问题
Is there a possibility to copy data strided by a constant (or even non-constant) value to and from the CUDA device efficiently?
I want to diagonalize a large symmetric matrix.
Using the jacobi algorithm there is a bunch of operations using two rows and two columns within each iteration.
Since the Matrix itself is too big to be copied to the device entirely i am looking for a way to copy the two rows and columns to the device.
It would be nice to use the triangular matrix form to store the data but additional downsides like
- non-constant row-length [not that Kind of a Problem]
- non-constant stride of the column values [the stride increases by 1 for each row.]

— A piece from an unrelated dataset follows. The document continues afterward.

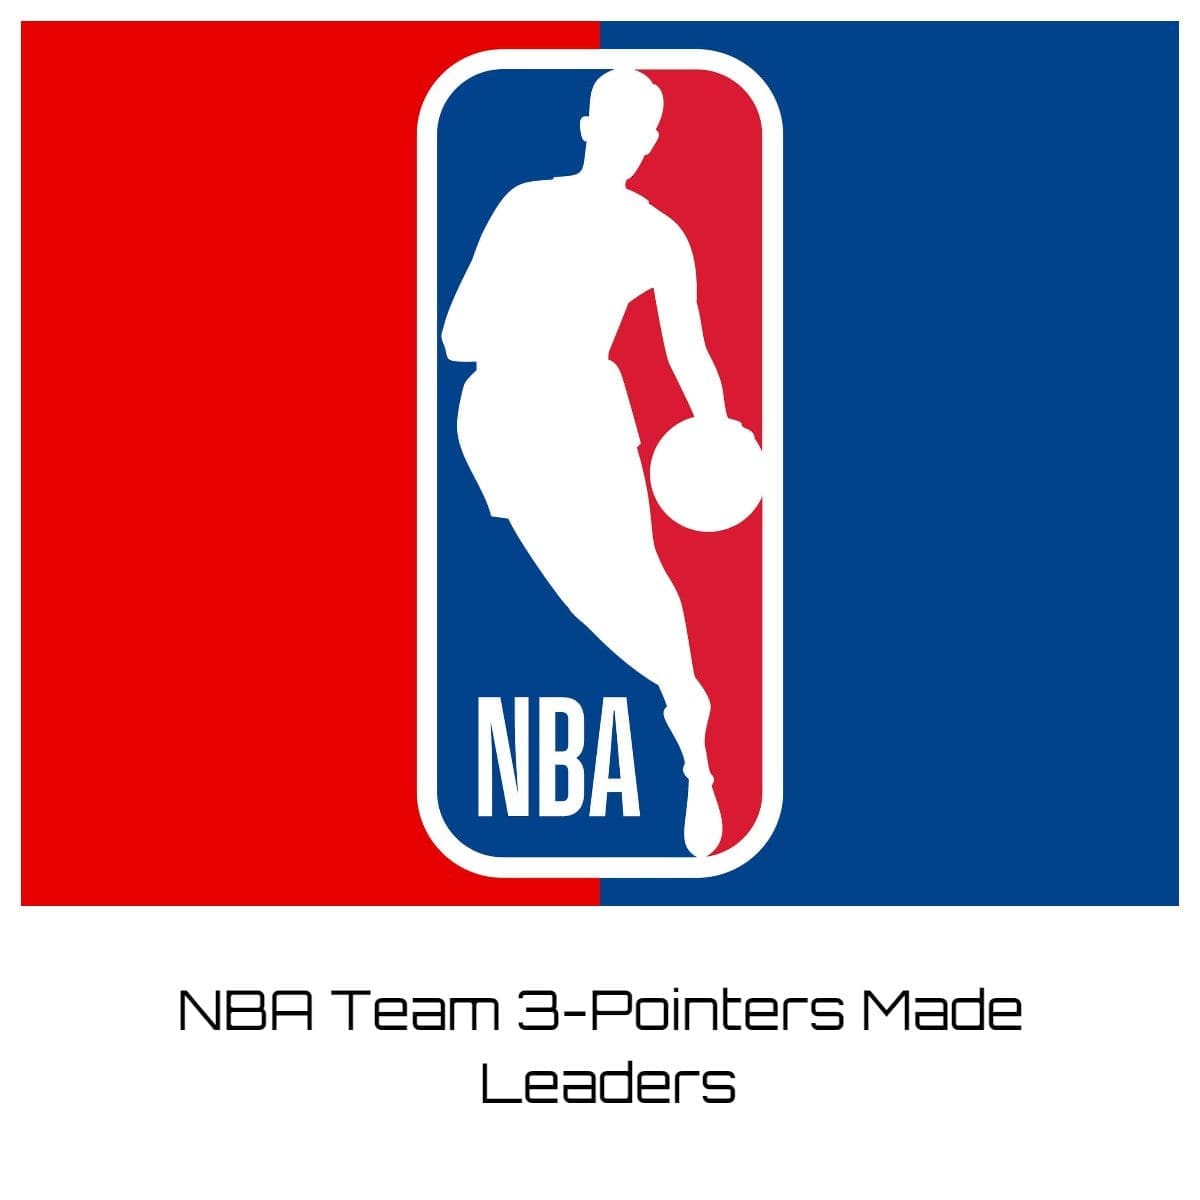 NBA Team 3-Pointers Made Leaders
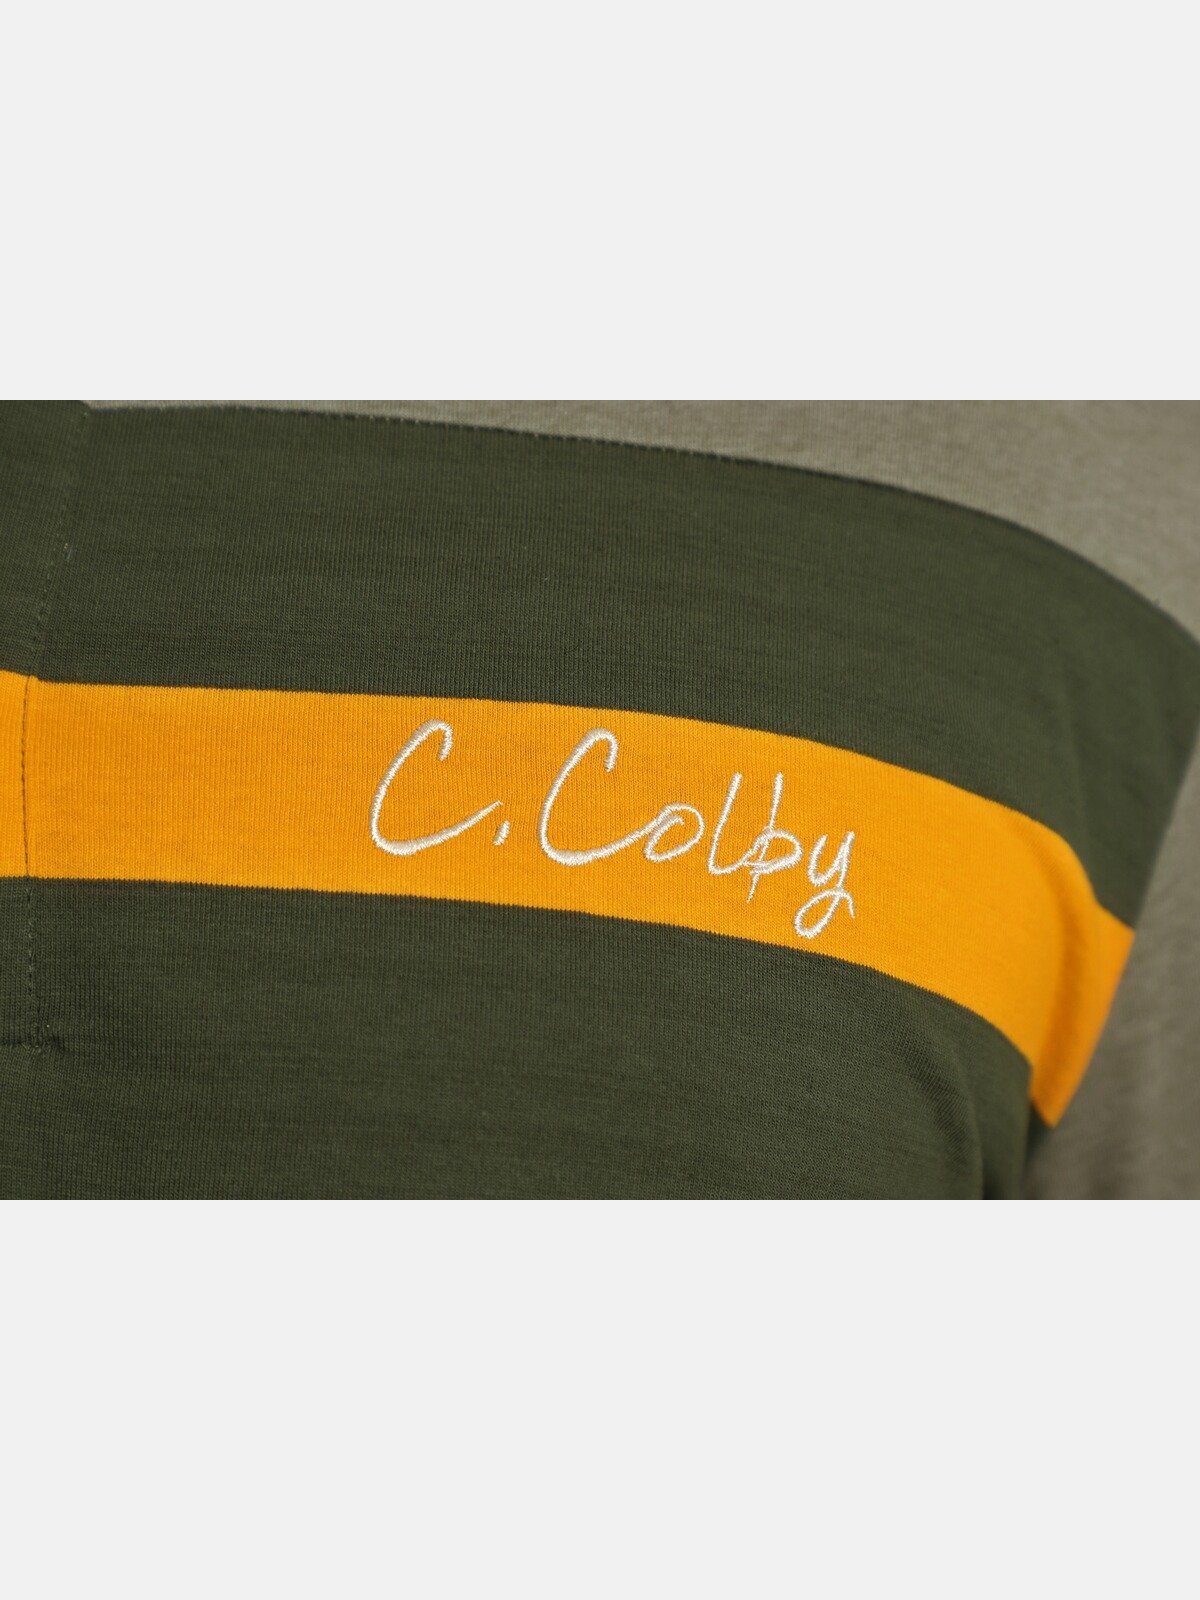 stylisch in Sweatshirt Colby EARL Colour-Blocking GARWY Charles

arise. [edit: Even using triangular form it is still impossible to store the whole Matrix on the GPU.]
I looked at some timings and recognized that copying strided values one by one is very slow (synchronous as well as async.).
// edit: removed solution - added an answer
回答1:
Thanks to Robert Crovella for giving the right hint to use cudamemcpy2d. I'll append my test code to give everyone the possibility to comprehend...
If anyone Comes up with suggestions for solving the copy problem using row-major-ordered triangular matrices - feel free to write another answer please.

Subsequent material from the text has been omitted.